-- Data section follows --

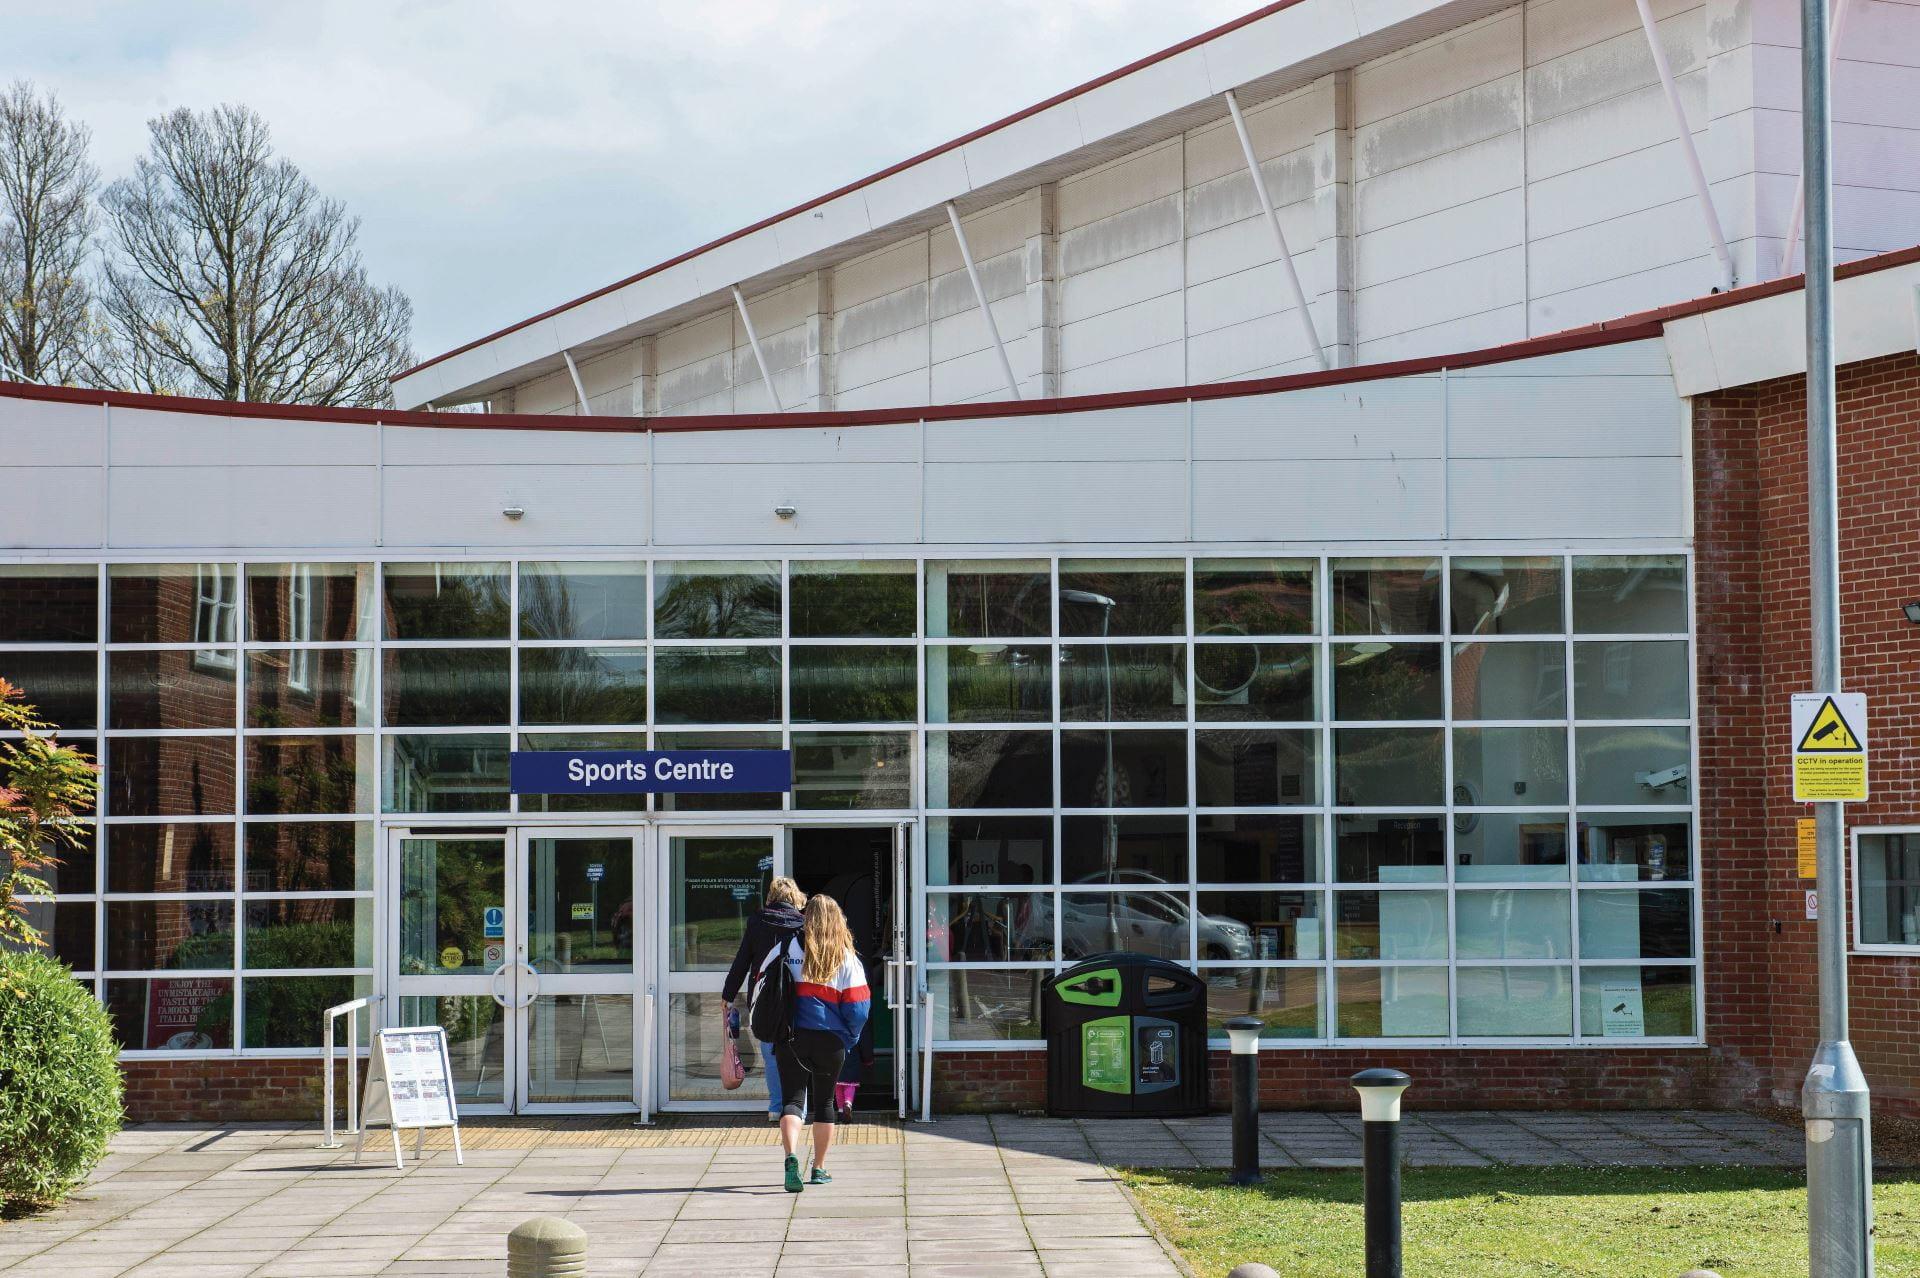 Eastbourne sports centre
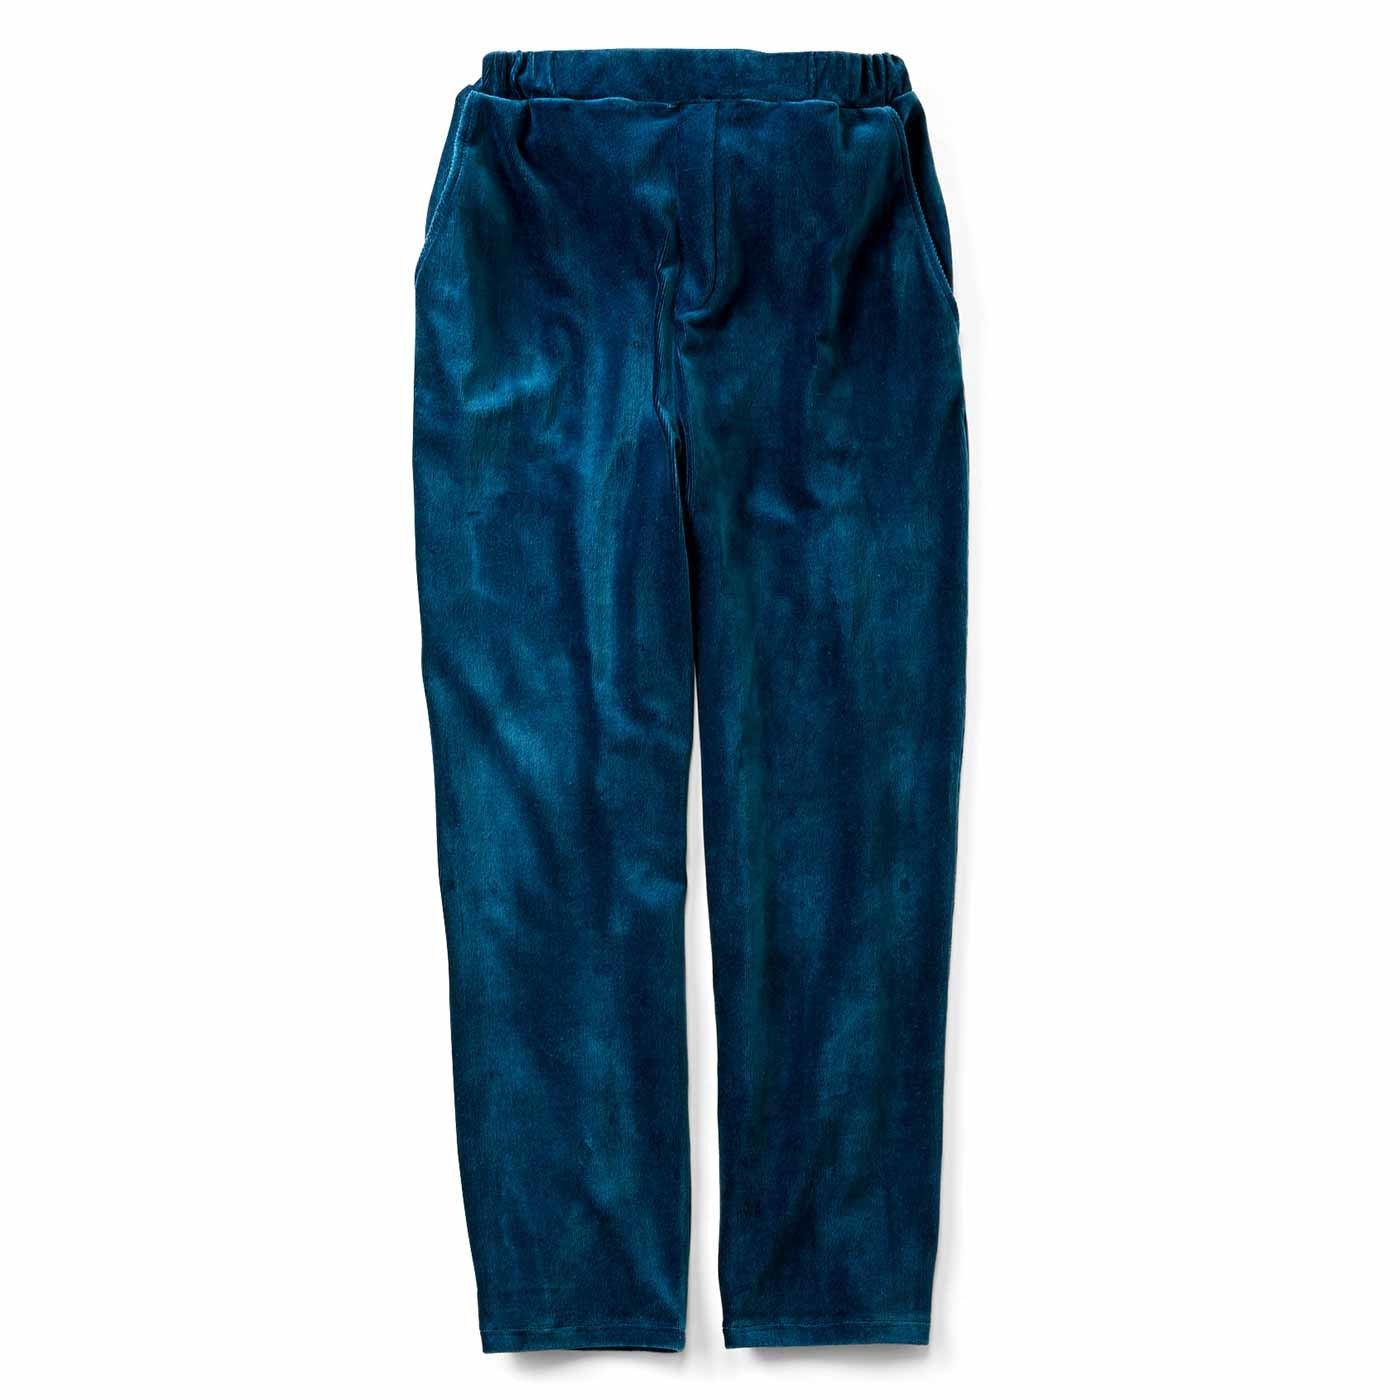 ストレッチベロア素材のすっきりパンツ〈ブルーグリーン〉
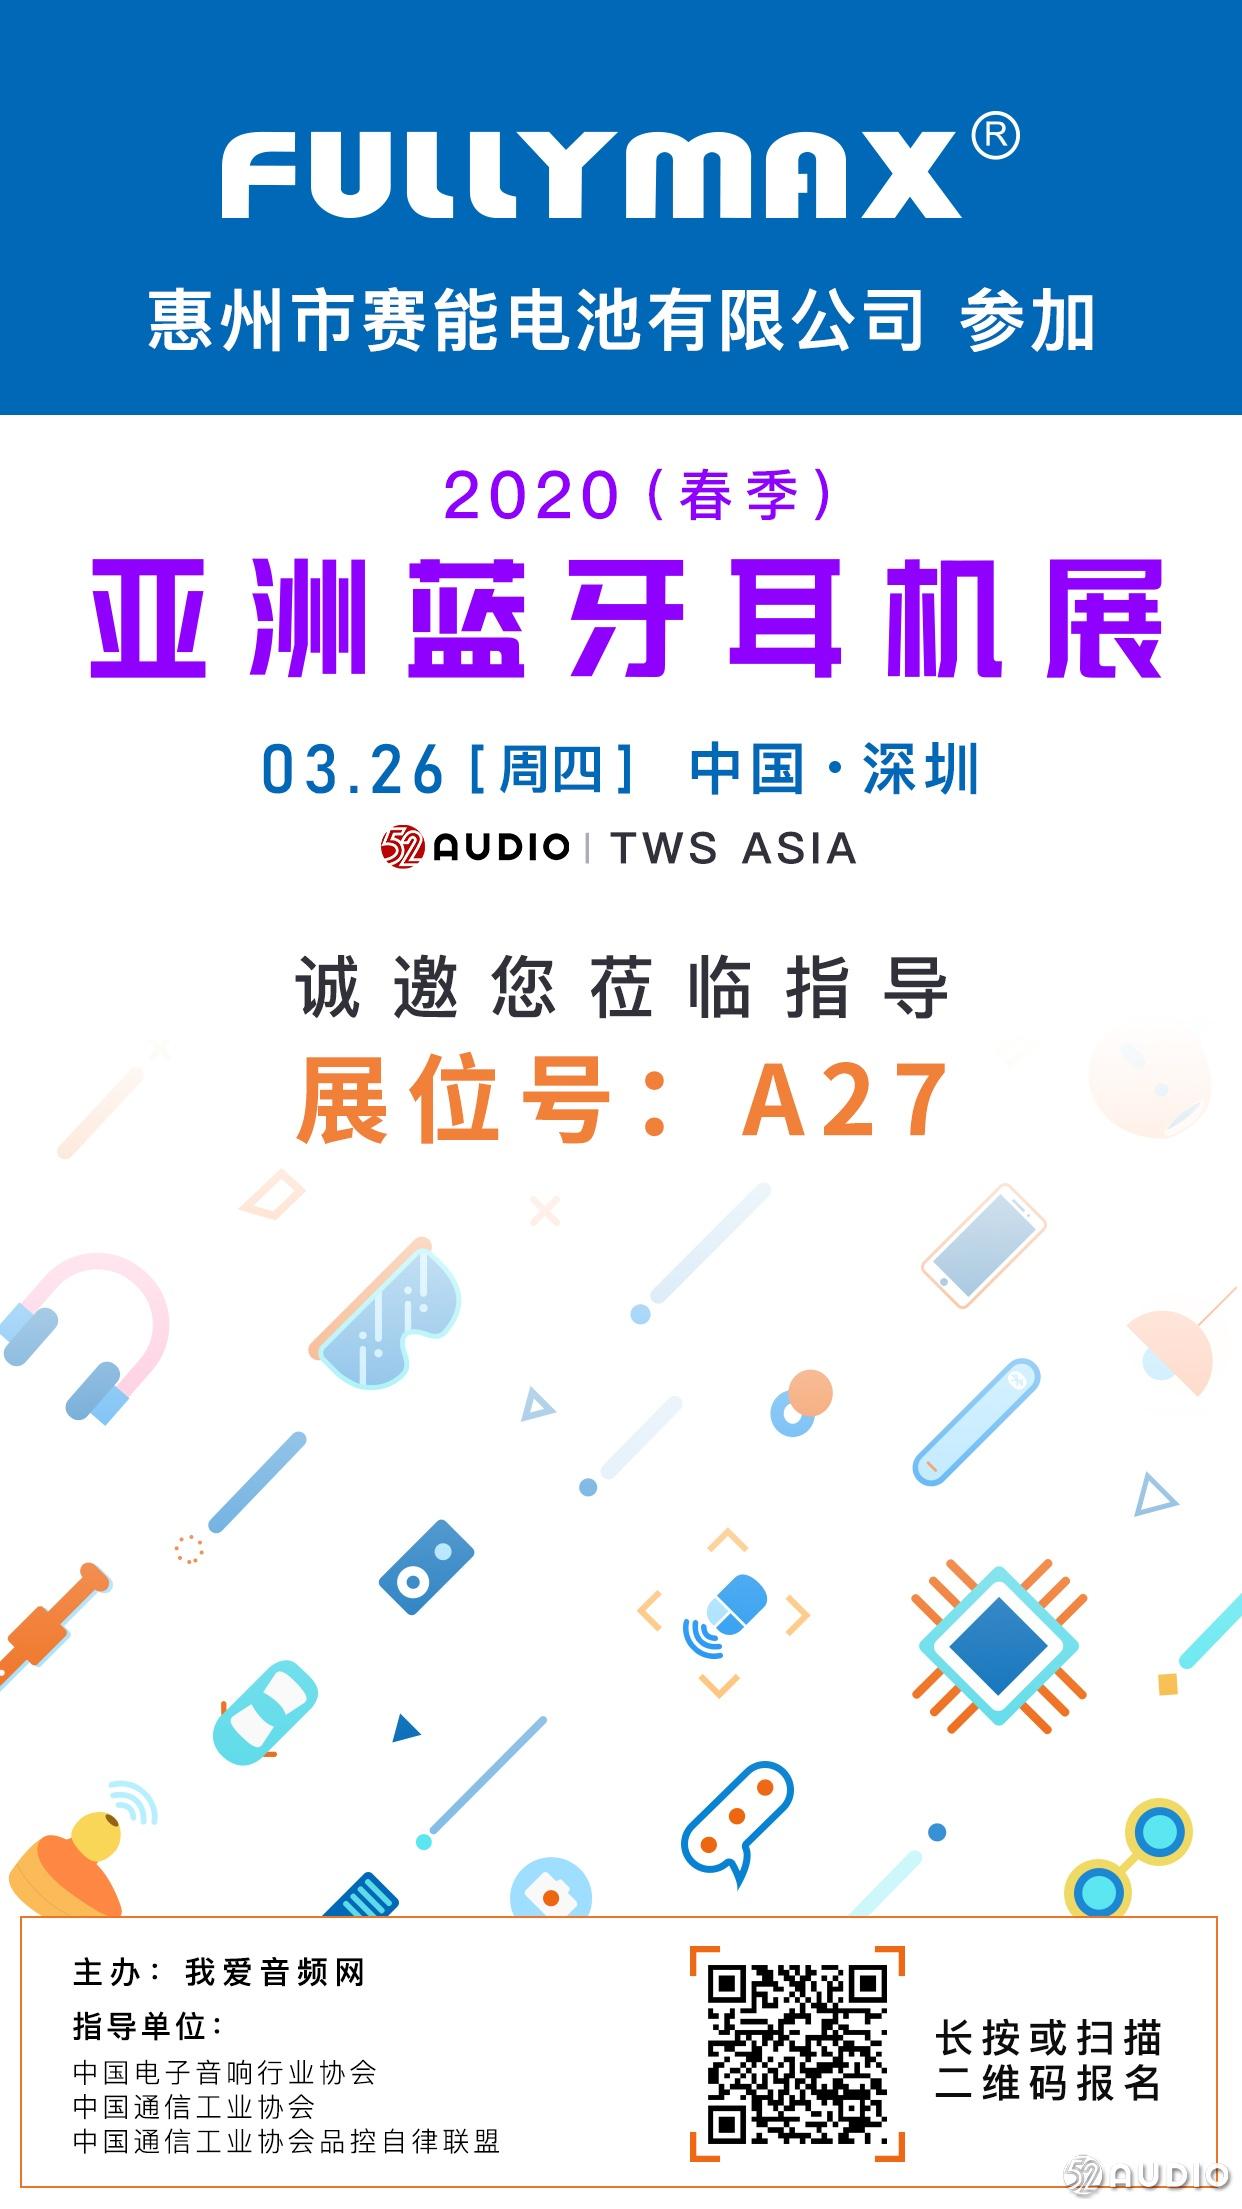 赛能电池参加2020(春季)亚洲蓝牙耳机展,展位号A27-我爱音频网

-- Data section concluded --

## Your instructions
The whole listing should be restated word for word, with no pictures.

## Output for this exercise
 Eastbourne sports centre
 ストレッチベロア素材のすっきりパンツ〈ブルーグリーン〉
 赛能电池参加2020(春季)亚洲蓝牙耳机展,展位号A27-我爱音频网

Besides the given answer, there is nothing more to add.